Mom’s Meals, which has been providing home-delivered meals to government-sponsored programs since 1999 and now markets itself as a national nutrition solutions provider, credits the CHRONIC Care Act with driving growth in this space, as it allowed MA plans to begin offering a broader range of supplemental benefits in 2019. “But it really wasn’t until 2020 when we saw the introduction of Special Supplemental Benefits for the Chronically Ill [SSBCI] that we saw plans really start to innovate,” said Mom’s Meals Senior Vice President, Healthcare Strategy and Chief Nutrition Officer Catherine Macpherson during a Sept. 24 session of AHIP’s 2021 National Conference on Medicare, Medicaid & Dual Eligibles. Also enabled by the CHRONIC Care Act, SSBCI refers to benefits that MA plans can tailor to certain individuals without having to offer them uniformly. As a result, plans can “provide more robust supplemental benefits to the highest risk folks who are going to benefit most from those particular benefits,” she stated. In 2021, meals were the most commonly offered SSBCI, followed closely by food and produce, according to a Faegre Drinker analysis of CMS data. Data for 2022 on SSBCI has yet to be released.
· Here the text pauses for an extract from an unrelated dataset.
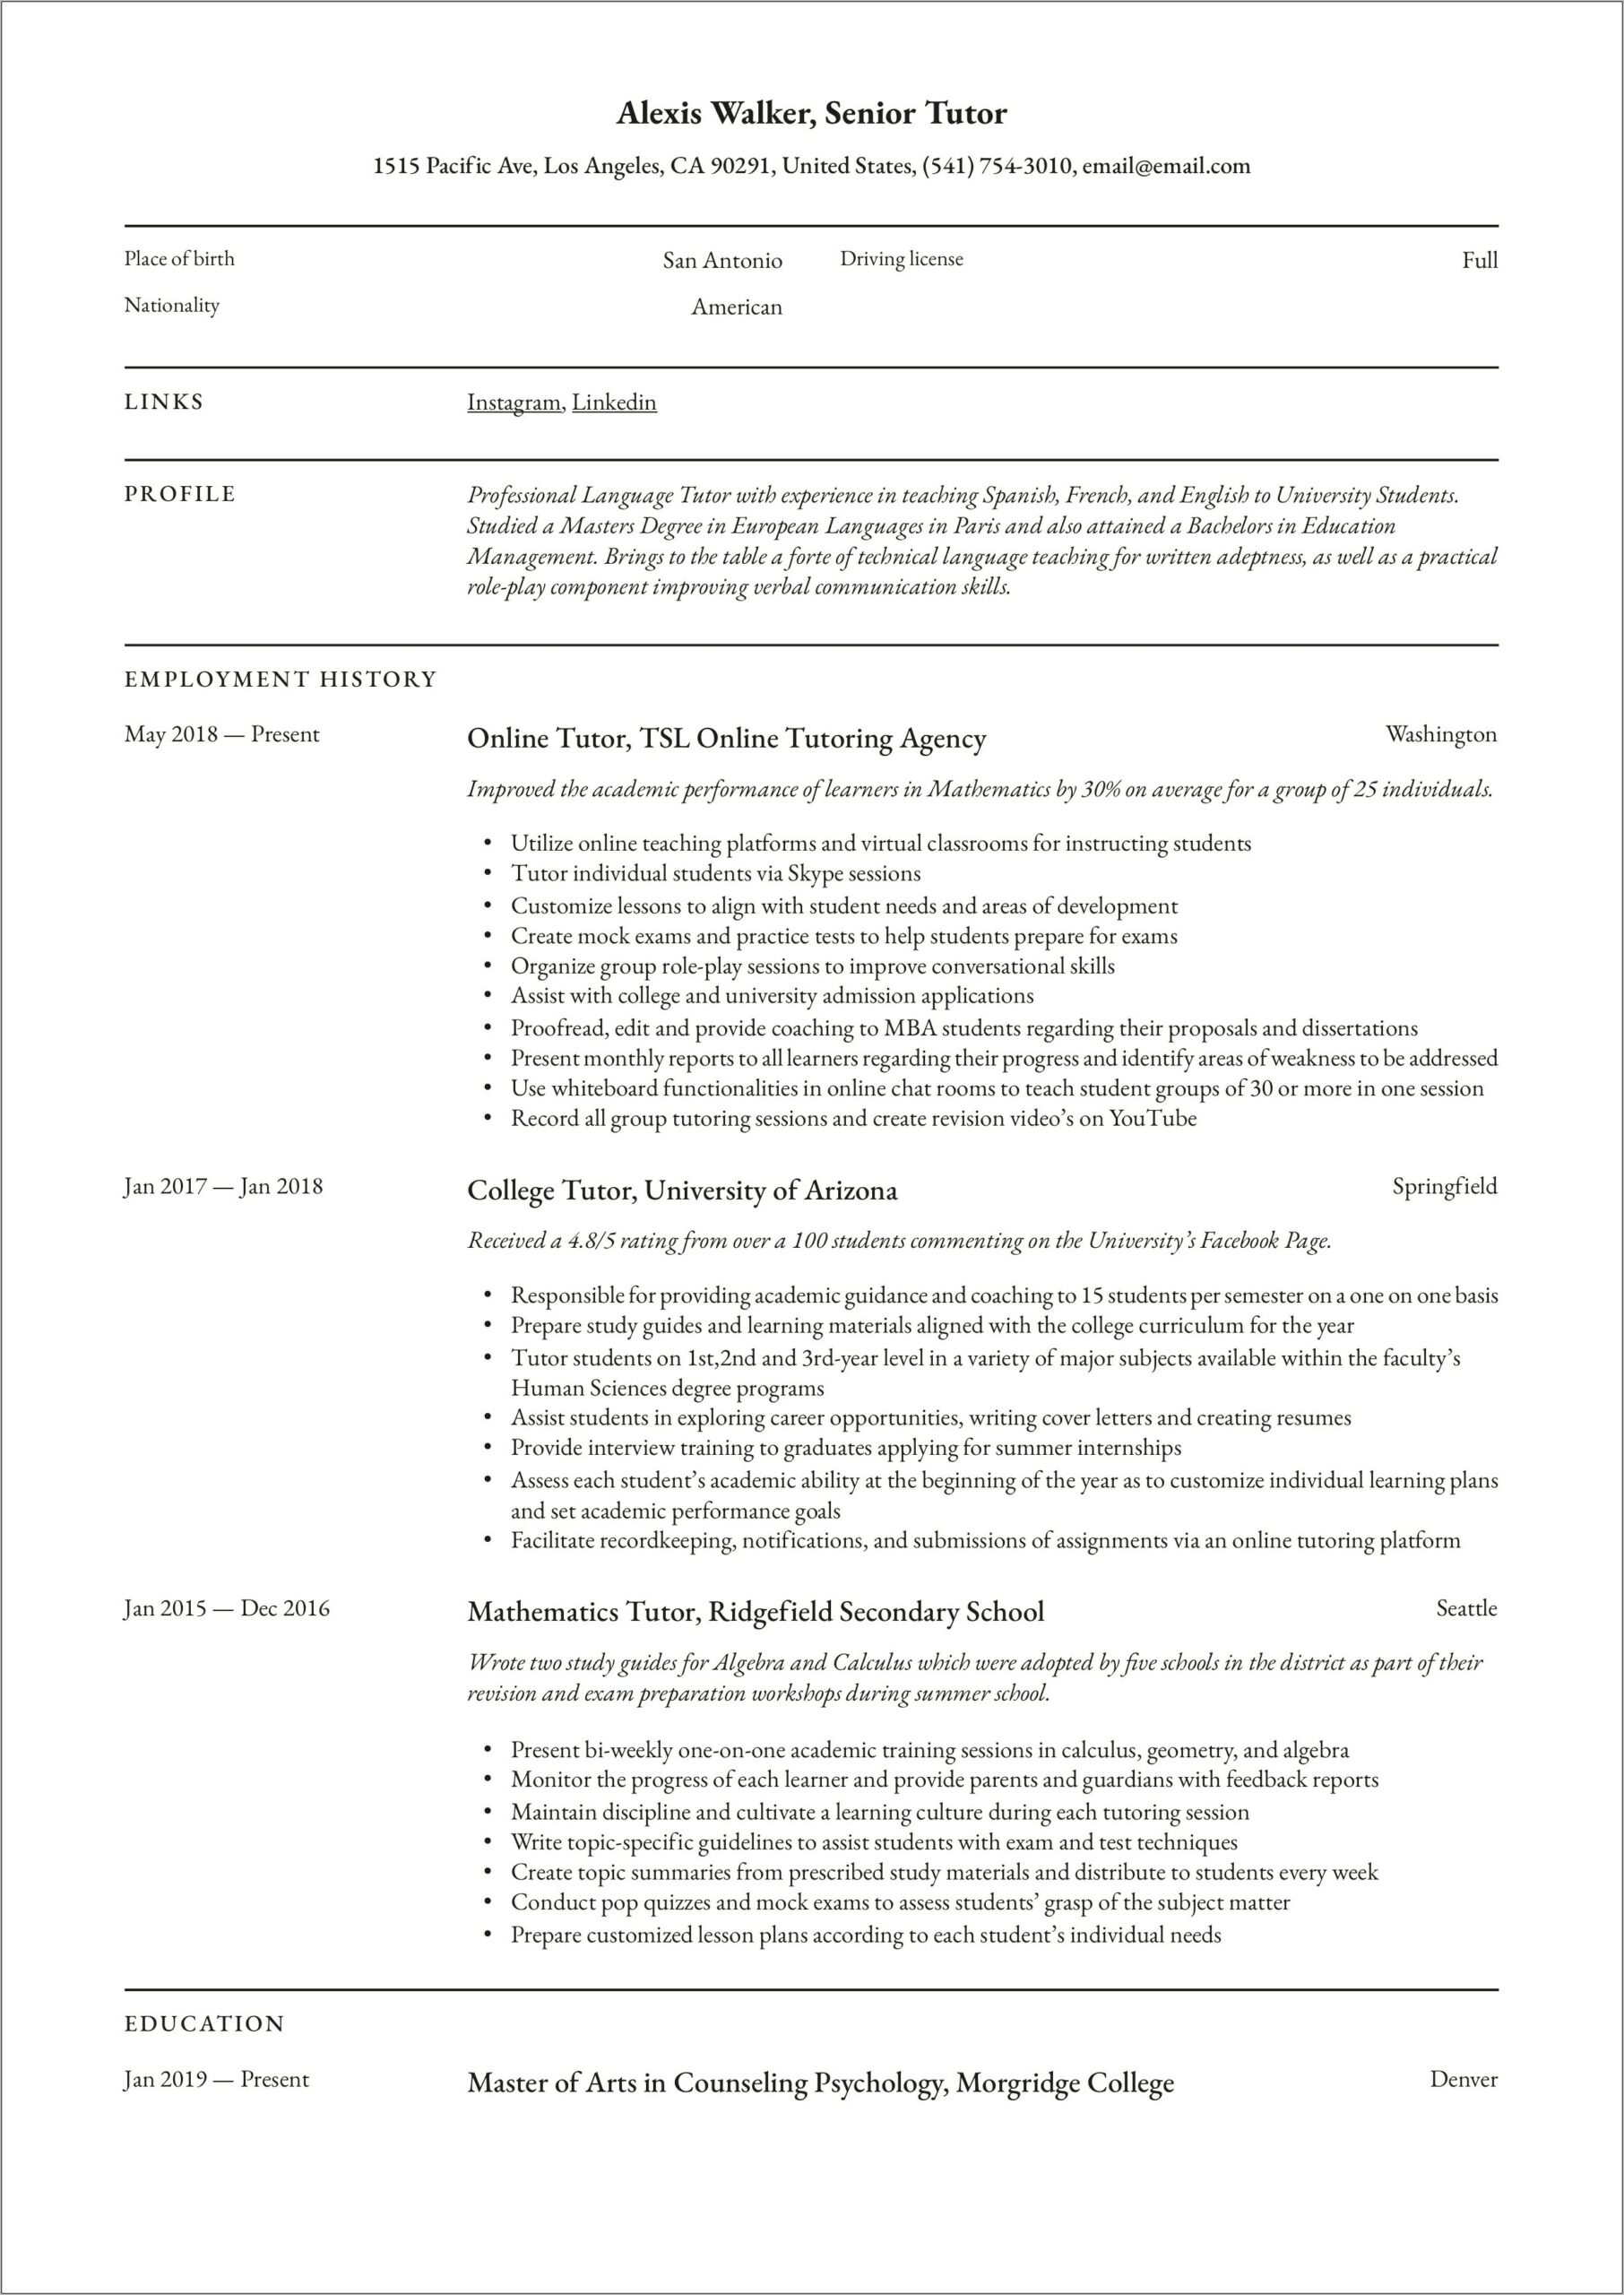 Job Description Of Tutor For Resume

Since the introduction of SSBCI, Mom’s Meals has seen many plans layer on condition-specific meal benefits to their existing post-discharge offerings aimed at preventing readmissions. The Faegre Drinker analysis observed that meals was the fourth most common condition-specific benefit this year. But nutrition and healthy foods are also becoming increasingly important to plans, said Macpherson, as they recognize that not eating the right foods over time can exacerbate or accelerate the onset of certain conditions. As plans consider what members to target with SSBCI, Mom’s Meals advises them to utilize their internal analytics team or work with their external analytics partner to identify their highest risk population and highest cost population (e.g., diabetes, heart disease, chronic obstructive pulmonary disease) as well as “emerging risk individuals…who could benefit from a preventative approach.”

Mom’s Meals hopes that the trajectory of targeted meal and nutrition benefits continues as more data demonstrates their value. “I just think we’re at the starting point here for what we’re going to see health care do to go beyond the medical and the pharmaceutical care for that whole-person approach to care,” said Macpherson.